***** RECORD SET *****

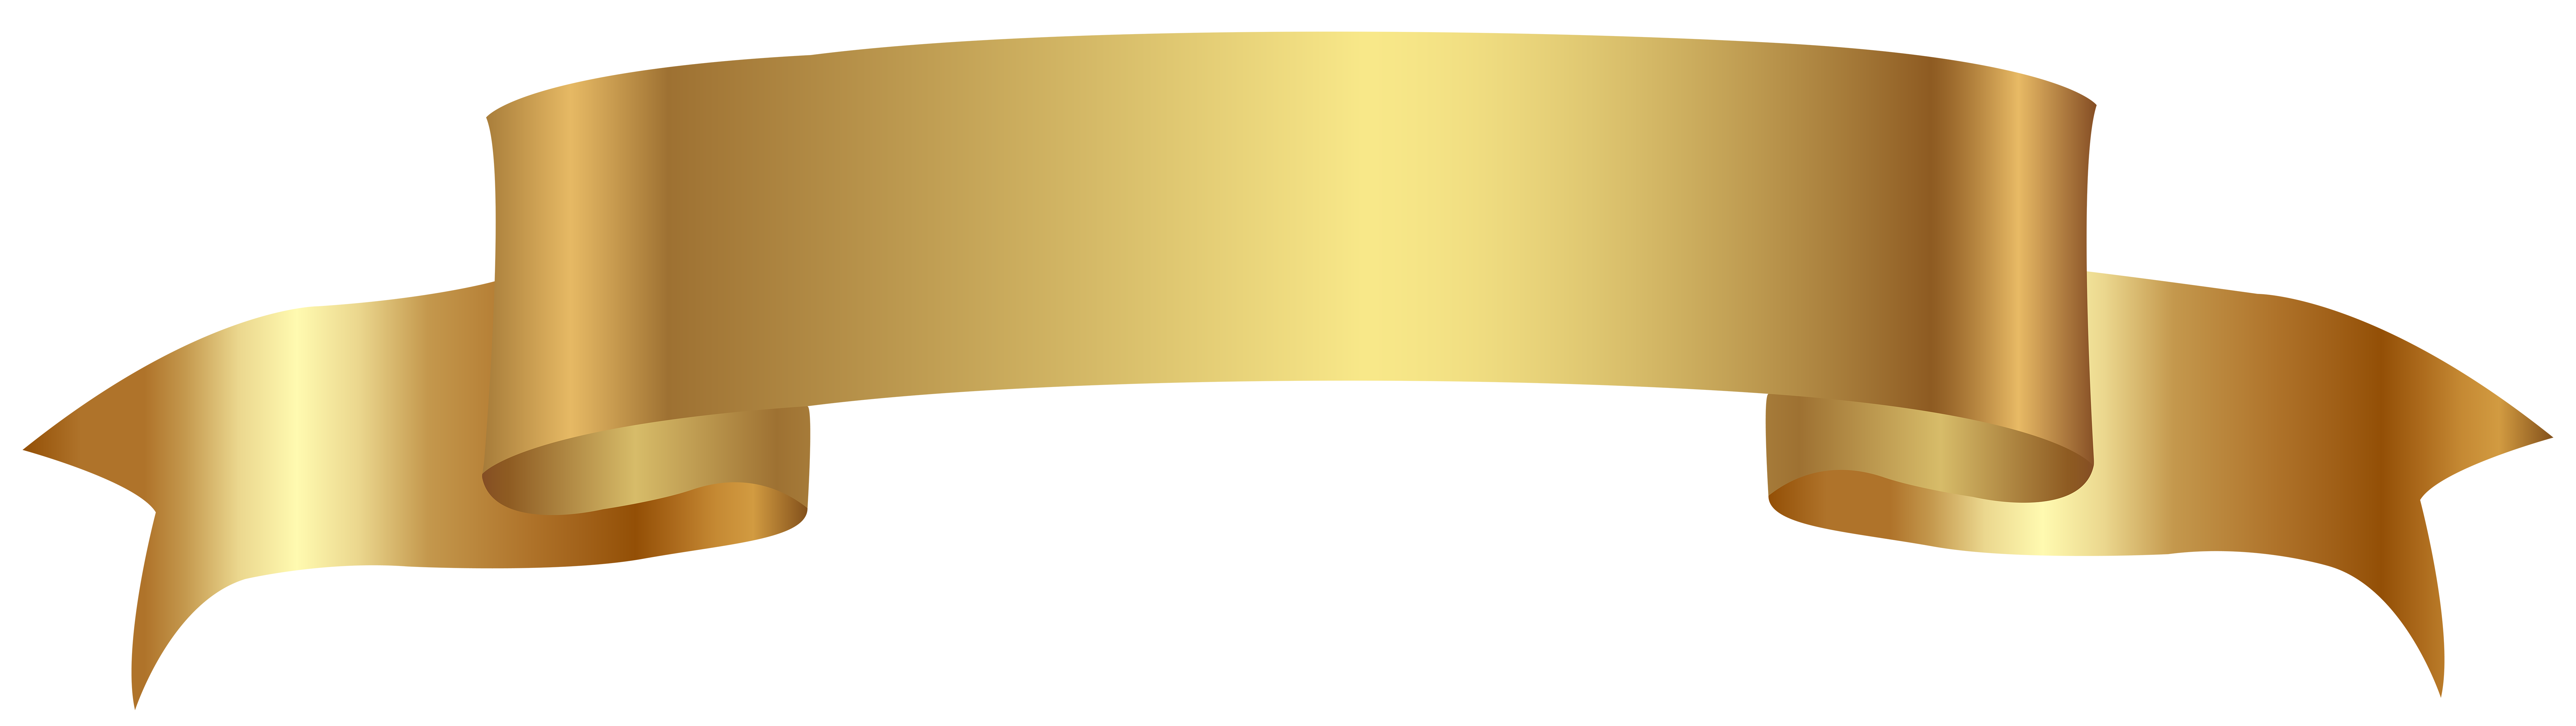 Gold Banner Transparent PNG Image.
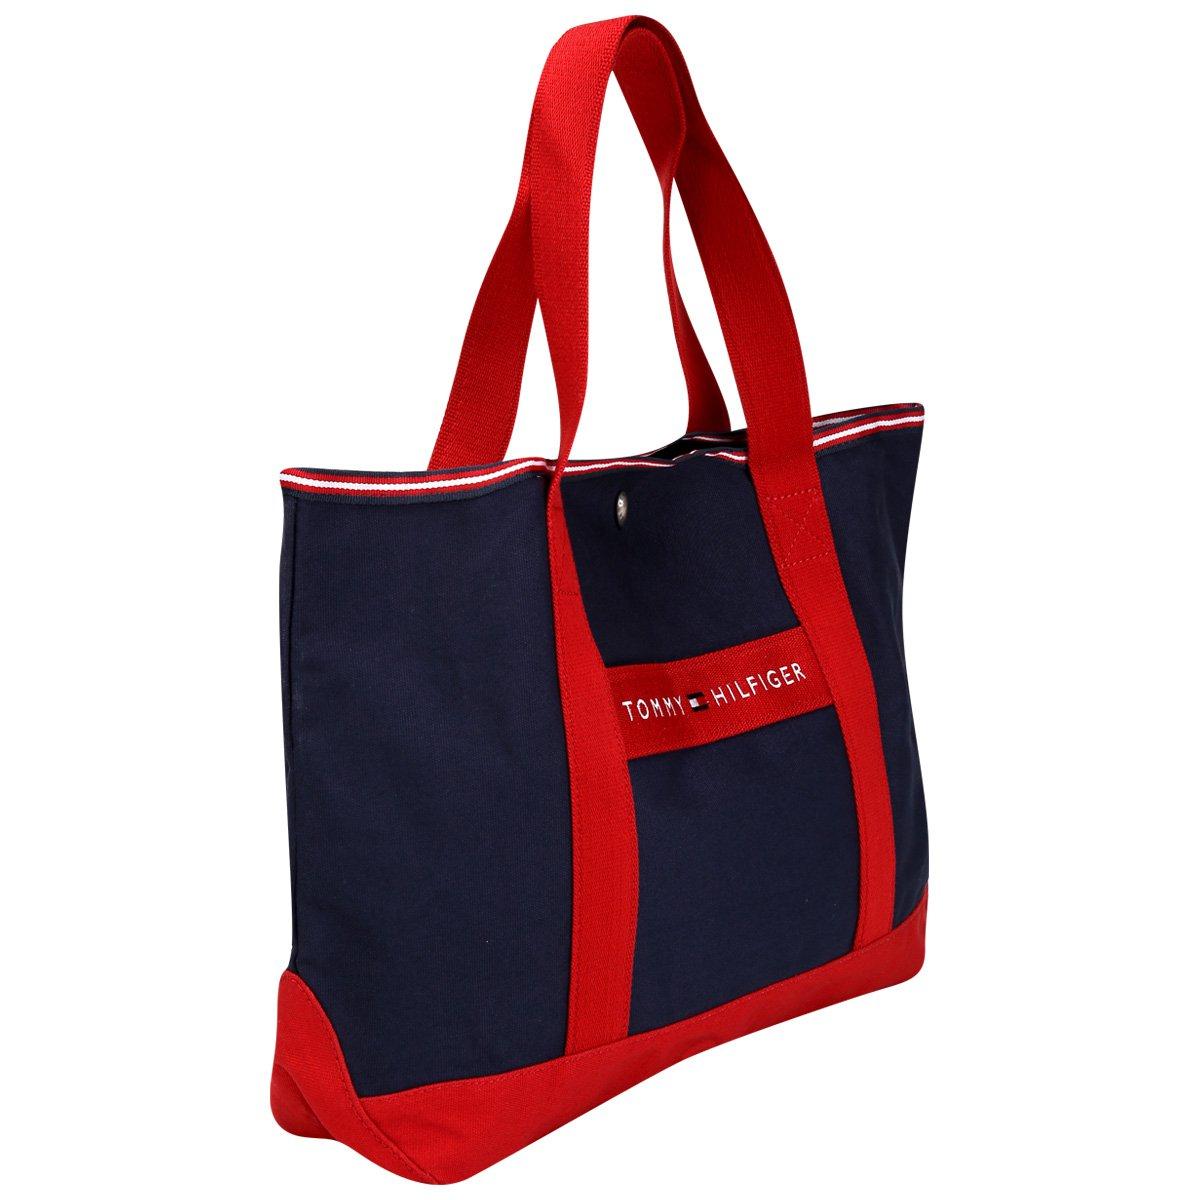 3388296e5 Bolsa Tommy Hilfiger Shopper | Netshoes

*****
***** RECORD SET *****

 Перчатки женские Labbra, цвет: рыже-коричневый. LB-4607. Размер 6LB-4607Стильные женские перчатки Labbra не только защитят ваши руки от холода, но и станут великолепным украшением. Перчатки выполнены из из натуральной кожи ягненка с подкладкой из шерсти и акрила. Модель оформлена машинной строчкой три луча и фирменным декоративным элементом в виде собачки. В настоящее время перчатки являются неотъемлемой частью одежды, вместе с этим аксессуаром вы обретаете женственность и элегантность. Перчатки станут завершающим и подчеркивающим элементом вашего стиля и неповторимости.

*****

**REQUIRED WORK:**
Every line from the one with "Gold Banner Transparent PNG Image." through the one with "3388296e5 Bolsa Tommy" is to be reproduced exactly as written above, and the pictures are to be dropped.

**EXPECTED OUTPUT:**
 Gold Banner Transparent PNG Image.
 3388296e5 Bolsa Tommy Hilfiger Shopper | Netshoes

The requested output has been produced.